In this presentation, Julie Lee (University of Western Australia) and Hester van Herk (Vrije Universiteit Amsterdam) will discuss differences in beliefs (e.g., about trust in institutions and about attitudes toward gays and lesbians) within and across countries and explain these using human values and religiosity.
They found differences in value-religiosity relationships at both the individual and country levels when comparing the samples from Australia, the United Kingdom, and the Netherlands.
In all three countries, more conservative values determine the beliefs examined over and above religiosity (despite the positive relationships between conservative values and religiosity).
Furthermore, using quantile regression, they will show that when beliefs are stronger (i.e. at the 60th and 80th percentiles of the distribution of beliefs) the relationships between conservative values/religiosity and beliefs are much stronger than when these beliefs are weaker (i.e., at the 20th and 40th percentiles of the distribution of beliefs), at least in Australia.
Differences and similarities between countries will be discussed.
About the speakers
Professor Julie Anne Lee is the Director of Research and Research Training at the University of Western Australia Business School.
She is also the Founding Director of the Centre for Human and Cultural Values at The University of Western Australia. Her recent research focuses on values theory and measurement, and on how values influence behaviour in adults and children.
Professor Dr. Hester van Herk is a multidisciplinary researcher and full professor of Cross-Cultural Marketing Research at Vrije Universiteit, Amsterdam.
Her recent research focuses on antecedents and consequences of personal and cultural values of consumer behaviour in developed and emerging markets and on research methodology providing insight into differences and similarities between survey responses from different nations and cultural groups.

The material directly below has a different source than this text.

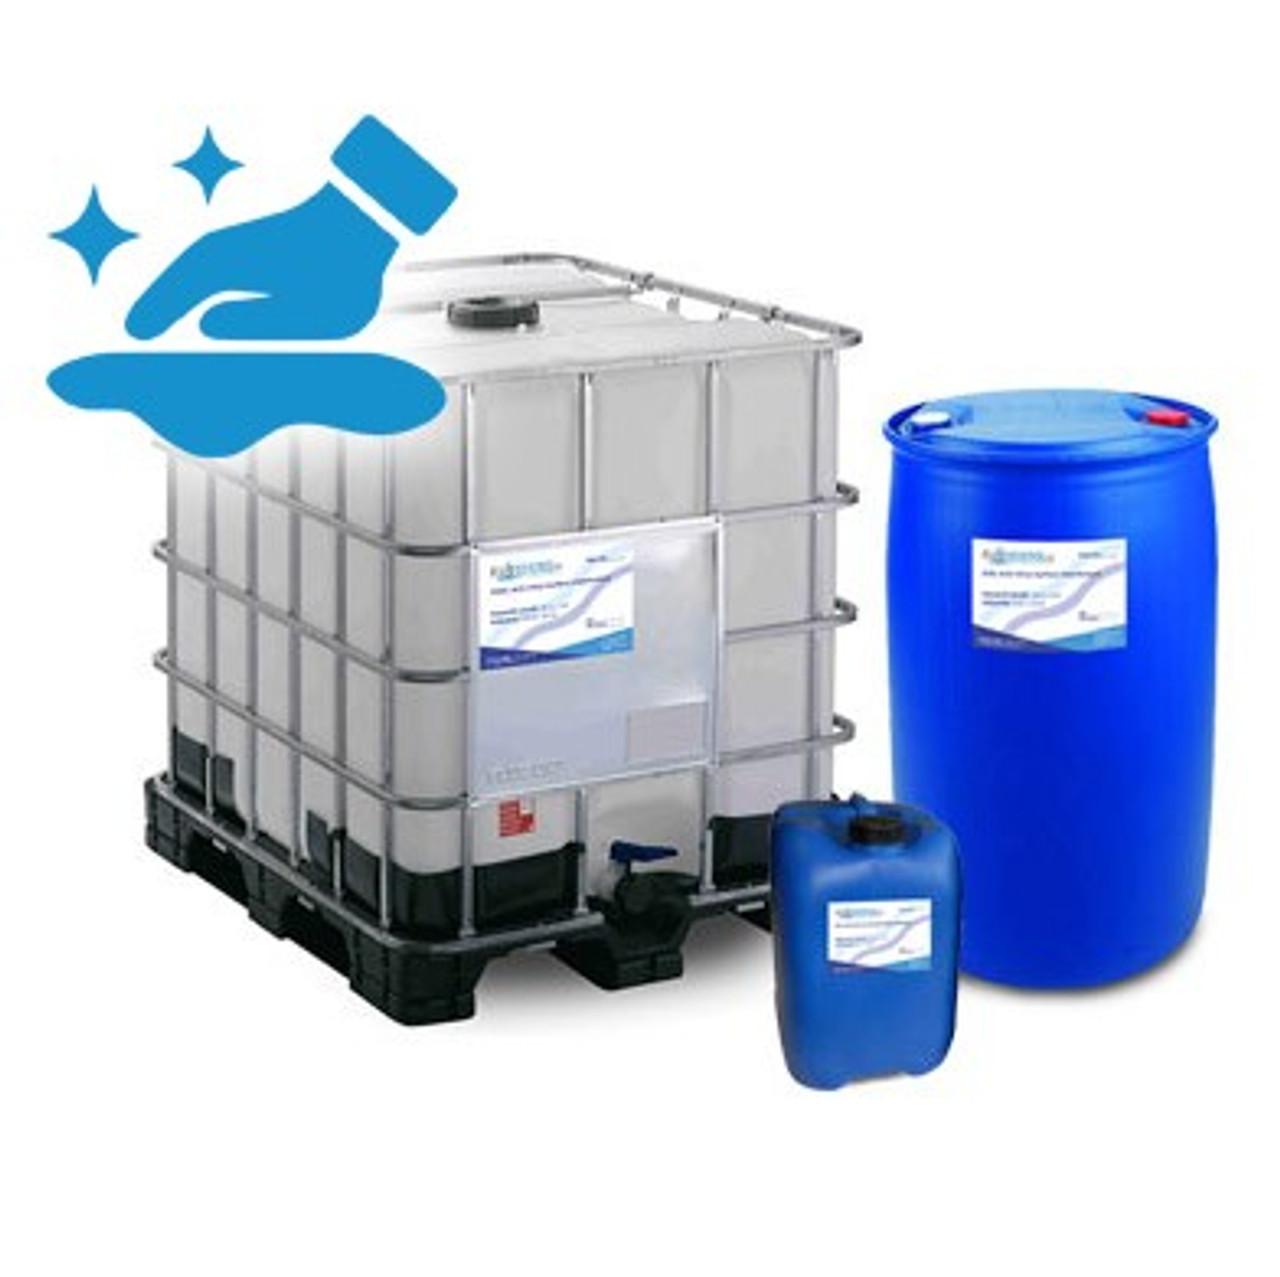 Bulk 25, 210 or 100 Litre Surface Disinfectant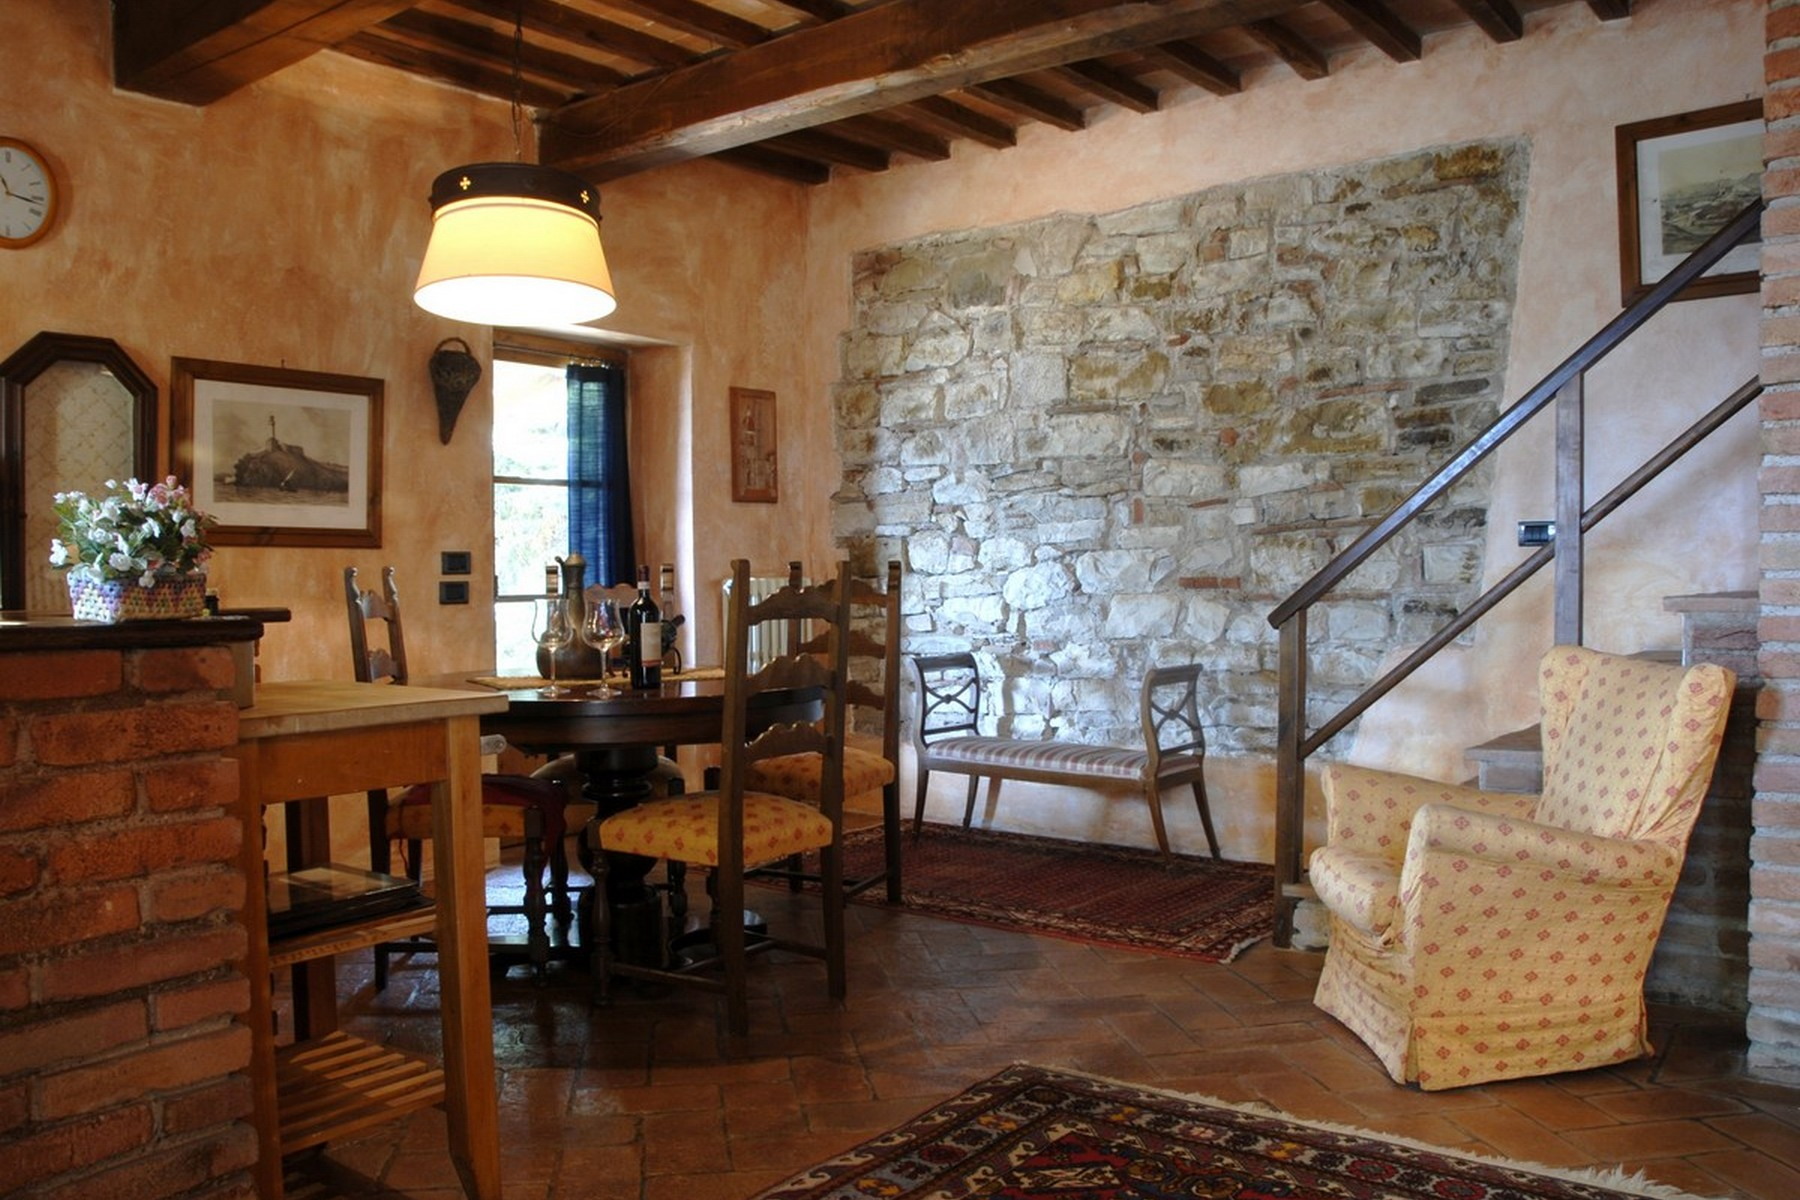 Villa in Vendita a Greve In Chianti: 5 locali, 400 mq - Foto 7

Several of her scientific and practice-oriented publications in which cross-national comparisons are made uses the European Social Survey.
9.10-9.30am: Comparing Life in Australia and ESS Round 9 data in the UK
One of the main aims of establishing international collaborations between the European Social Survey and other organisations with a similar ethos and goals is to allow us to evaluate the differences and similarities in attitudes and behaviours globally.
Fielding the ESS questionnaire in Australia on the Life in Australia survey offers the opportunity to compare data from the UK and other ESS countries with data collected in Australia around the same time, using the same questions and a similar methodology.
This presentation will discuss a comparison between UK ESS Round 9 data and Australia on variables such as trust in institutions, health and wellbeing.
It will also focus on how the samples of respondents in each country compare given the differences in data collection methods used.
About the speaker
Ruxandra Comanaru (City, University of London) is a Research Fellow at the European Social Survey HQ based at City, University of London.
In this role, she is primarily focusing on the methodological issues around switching from the face-to-face mode of data collection to self-completion.
She is also working on the European Commission-funded SUSTAIN 2 project to maintain and enhance the collaboration between ESS and other similar organisations globally.